Human-mediated movement of fish has a long history in Australia with both alien and native species moved since the mid 1800s (Clements 1988). The reasons and/or mechanisms for moving fish within and between drainages are many and varied. Prior to 1940, translocations in NSW have been performed for the purposes of stock enhancement for fisheries and by acclimatisation societies (DPI 2005a). Similar activities were conducted in other States, particularly in eastern and southern Australia. For example, common species, including the large-bodied native species Murray cod, (Maccullochella peelii peelii) and golden perch (Macquaria ambigua), have both been legally and illegally stocked for the purpose of enhancing fisheries (Lintermans 2004).
Water diversions and transfers have led to translocations of native species in Australia. A drastic example of this in Tasmania was the flooding of Lake Pedder as a hydro electric storage. This inundation allowed the translocation through natural dispersal of climbing galaxias (Galaxias brevipinnis) into the home range of the endemic species, Pedder galaxias (Galaxias pedderensis). The competition for habitat from climbing galaxias combined with the introduction and predation from brown trout (Salmo trutta) has driven the Pedder galaxias to the point of extinction in the wild (Sanger 2001). In order to save the Pedder galaxias from extinction, a founder population was translocated into a small natural lake south of Lake Pedder (Sanger 2001). This example highlights the means by which translocation of native species can also be employed as a tool for the conservation of threatened species. Further, the Midgley's carp gudgeon (Hypseleotris sp. 1), an established translocated species in the River Torrens South Australia, could have been introduced via a number of pathways including inter-basin transfer of Murray water into the catchment (also with fingerlings of angling species, aquarium escapees, etc) (M. Hammer, pers. comm.).
Escape from professional and amateur freshwater aquaculture facilities has been suggested as a means for native species to be translocated outside their natural range. Freshwater aquaculture escapes of silver perch (Bidyanus bidyanus) have recently been recorded in Western Australia (Cross 2000).

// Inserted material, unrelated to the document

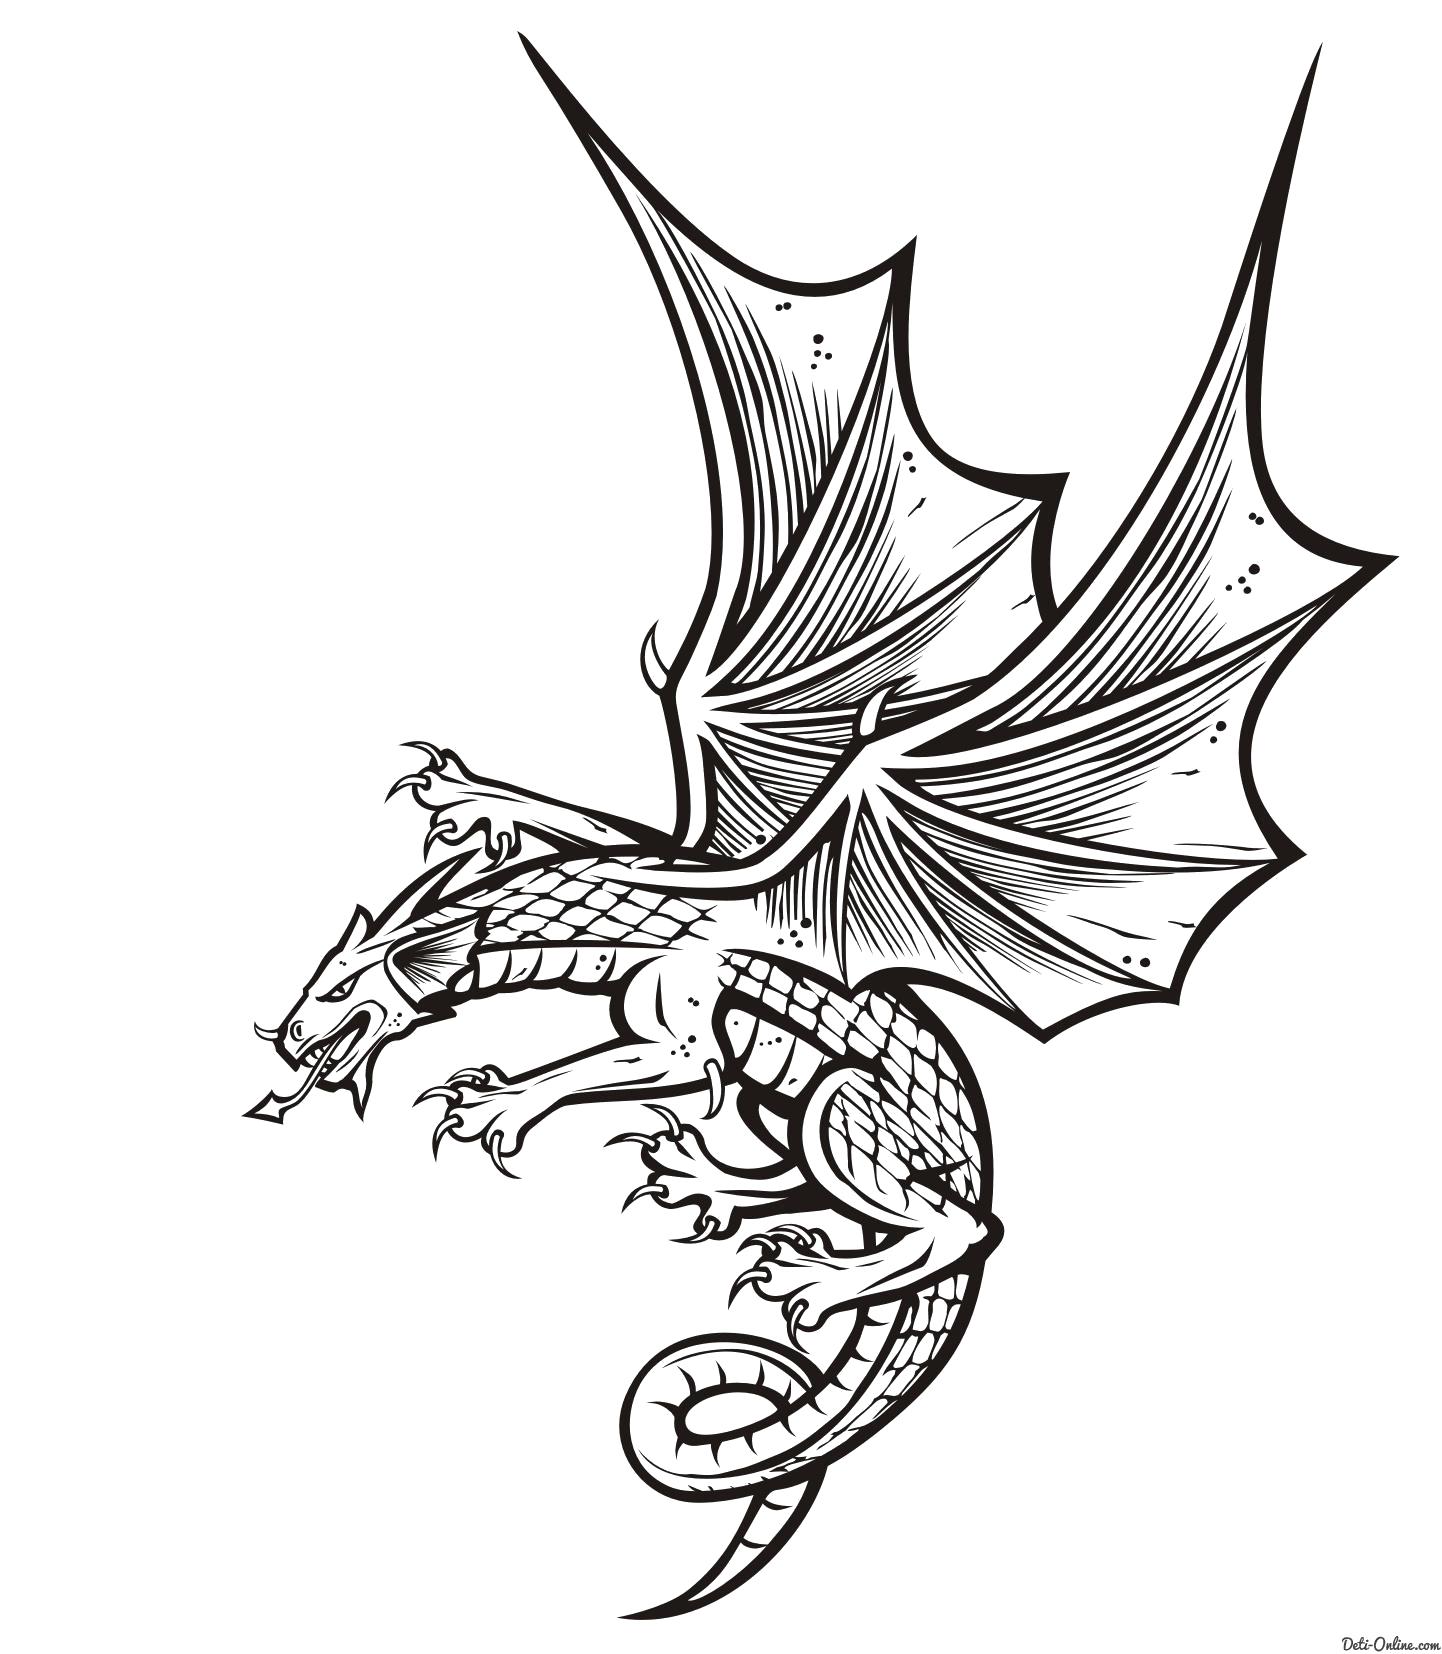 Название: Раскраска Раскраска Злой дракон. Категория: мифические существа. Теги: дракон.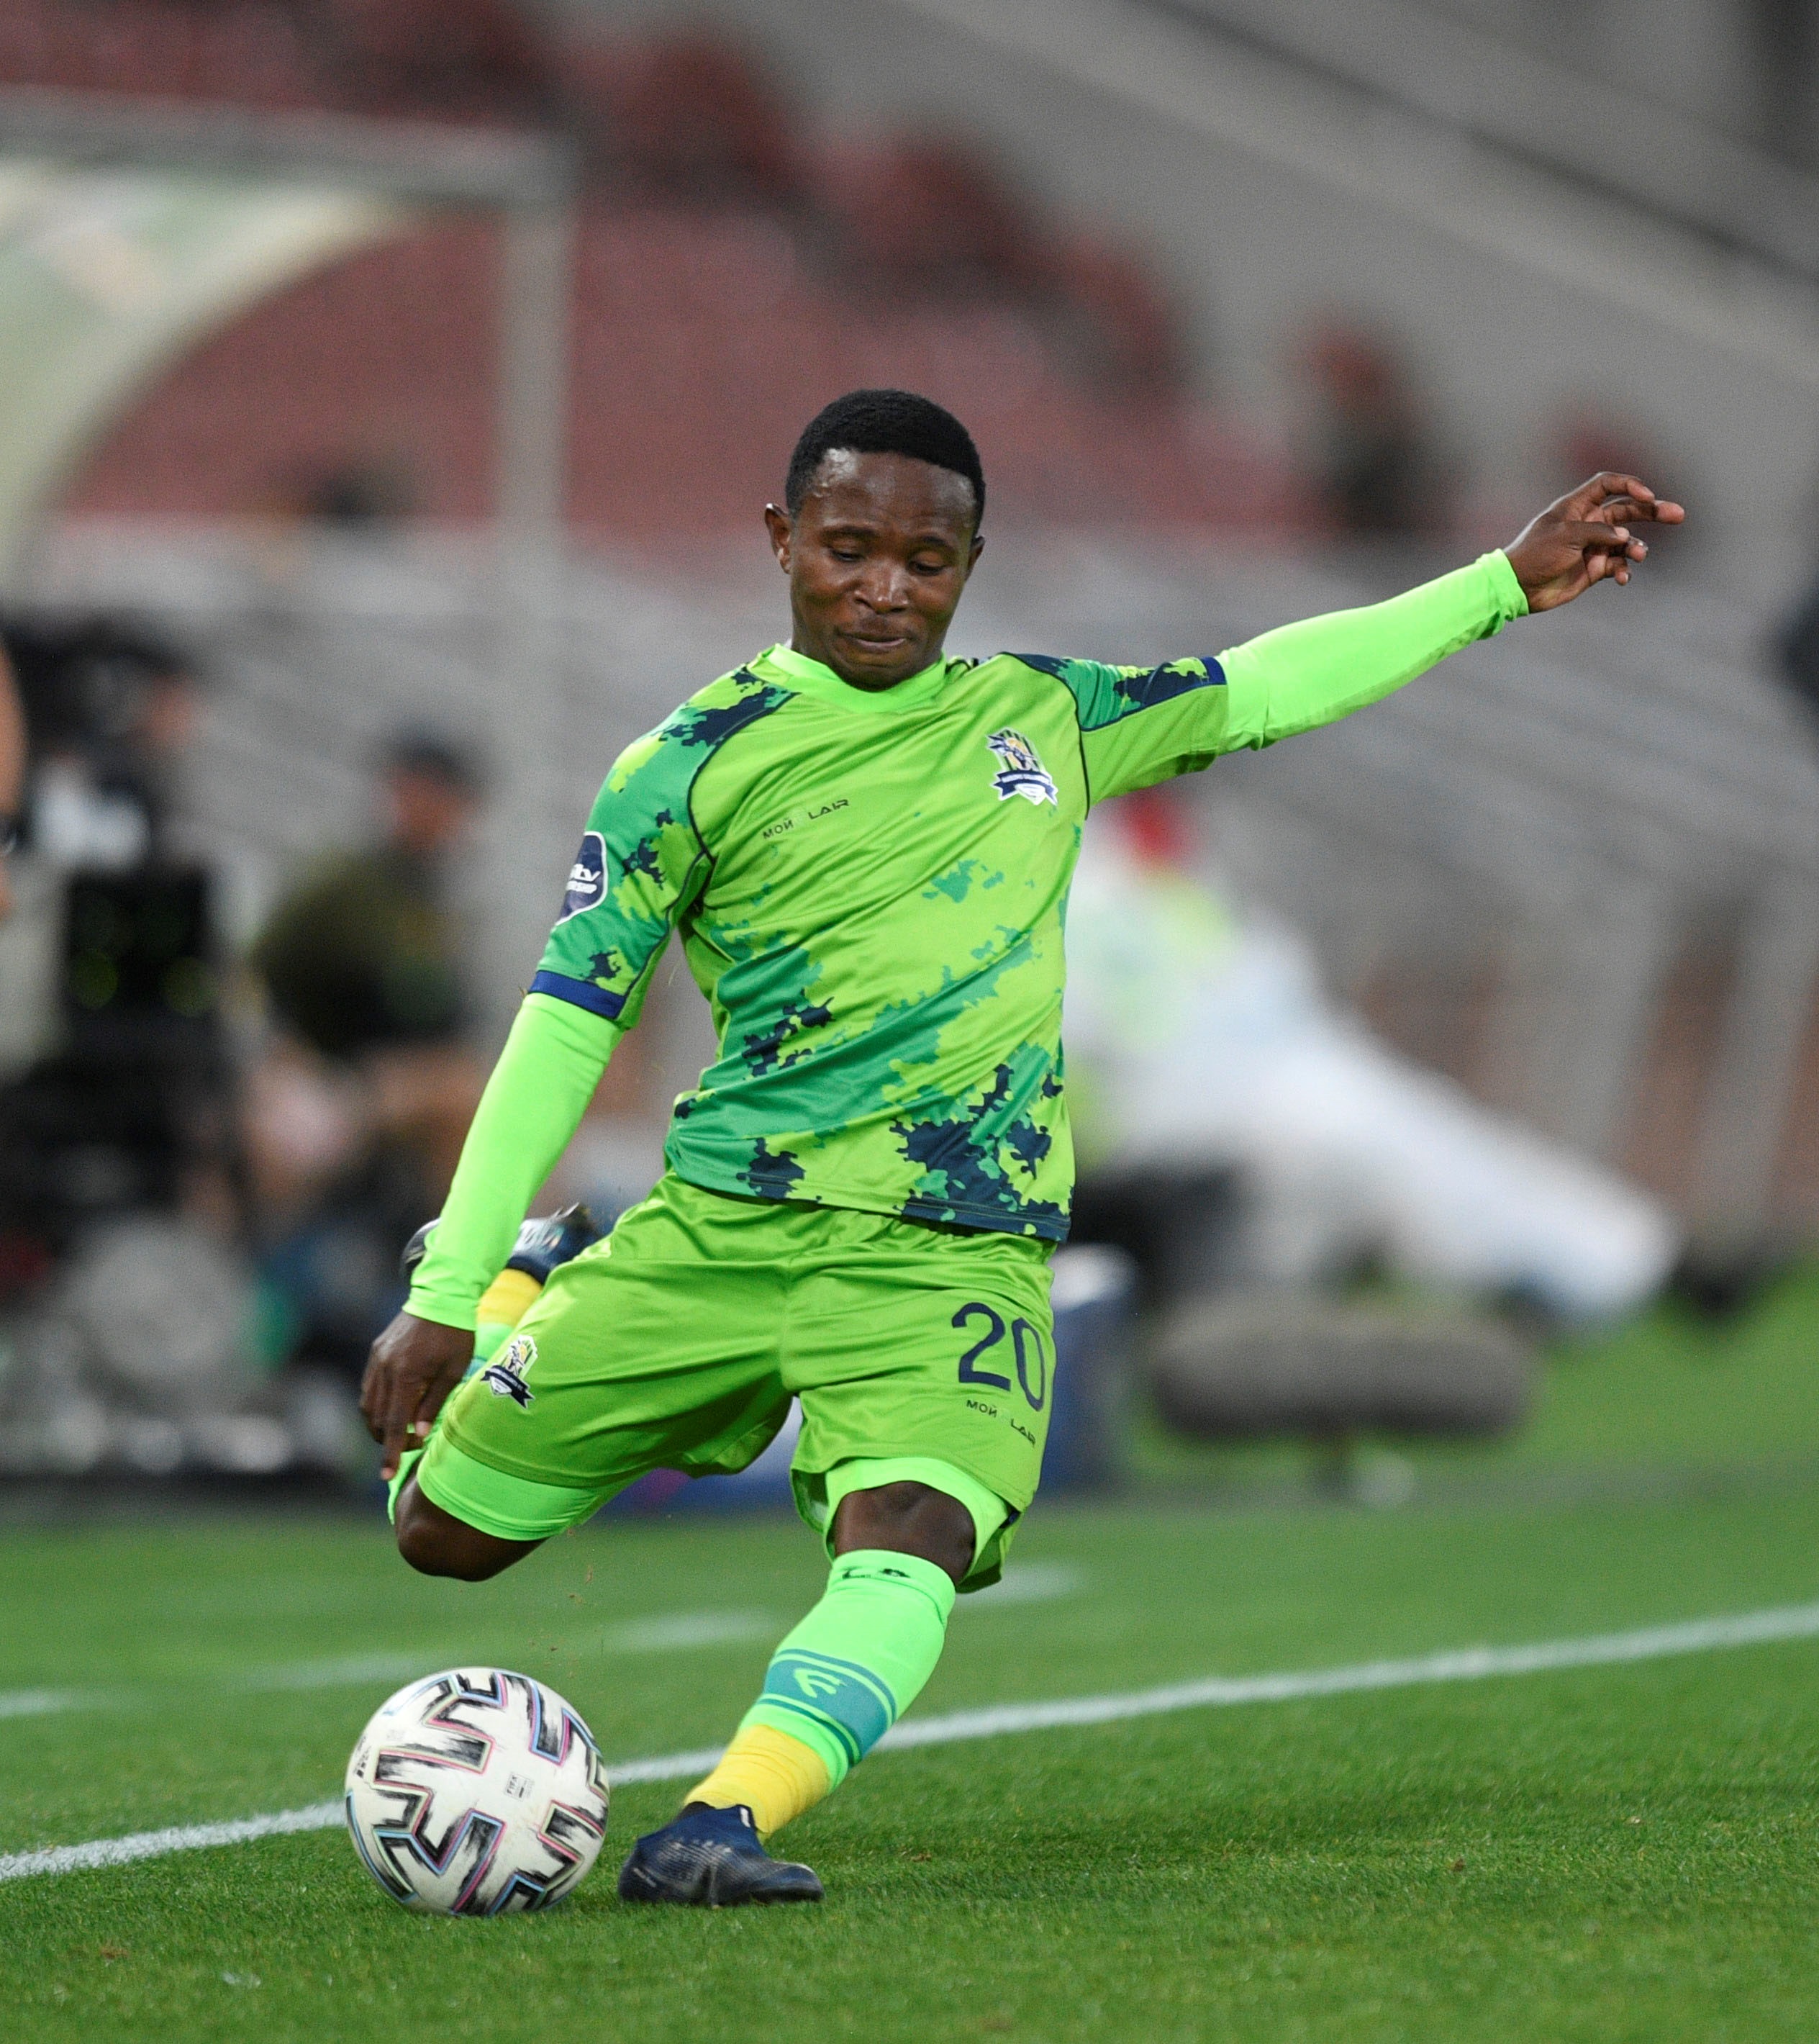 Unsettled Pirates midfielder Ndlovu may head back to Maritzburg

Galaxiid species have also been moved outside their natural range. Golden galaxias (Galaxias auratus) became established in Lake Crescent as a result of invasion from Lake Sorell, in Central Tasmania via a man-made channel (Allen et al. 2002). There have been anecdotal reports of translocated populations of spotted galaxias (Galaxias truttaceus) north of the Great Dividing Range in the Loddon and Campaspe River systems, central Victoria since at least the early to mid 1980’s (G. Closs, University of Otago, pers. comm.). Climbing galaxias have also been translocated into the Murray River via transfers from the Snowy Mountain hydro electric scheme (Waters et al. 2002).
The translocation of native species has had significant social and economic impacts. Translocation has created viable recreational fisheries in many areas where the indigenous native fish fauna are generally small bodied species. There are a number of successful fisheries in Australia which are based upon non-indigenous natives such as the translocated species of golden perch (Macquaria ambigua) in the Wimmera River, western Victoria. Native fish such as barramundi (Lates calcarifer) have also been successfully farmed in freshwater aquaculture schemes outside their natural distribution providing economic benefits.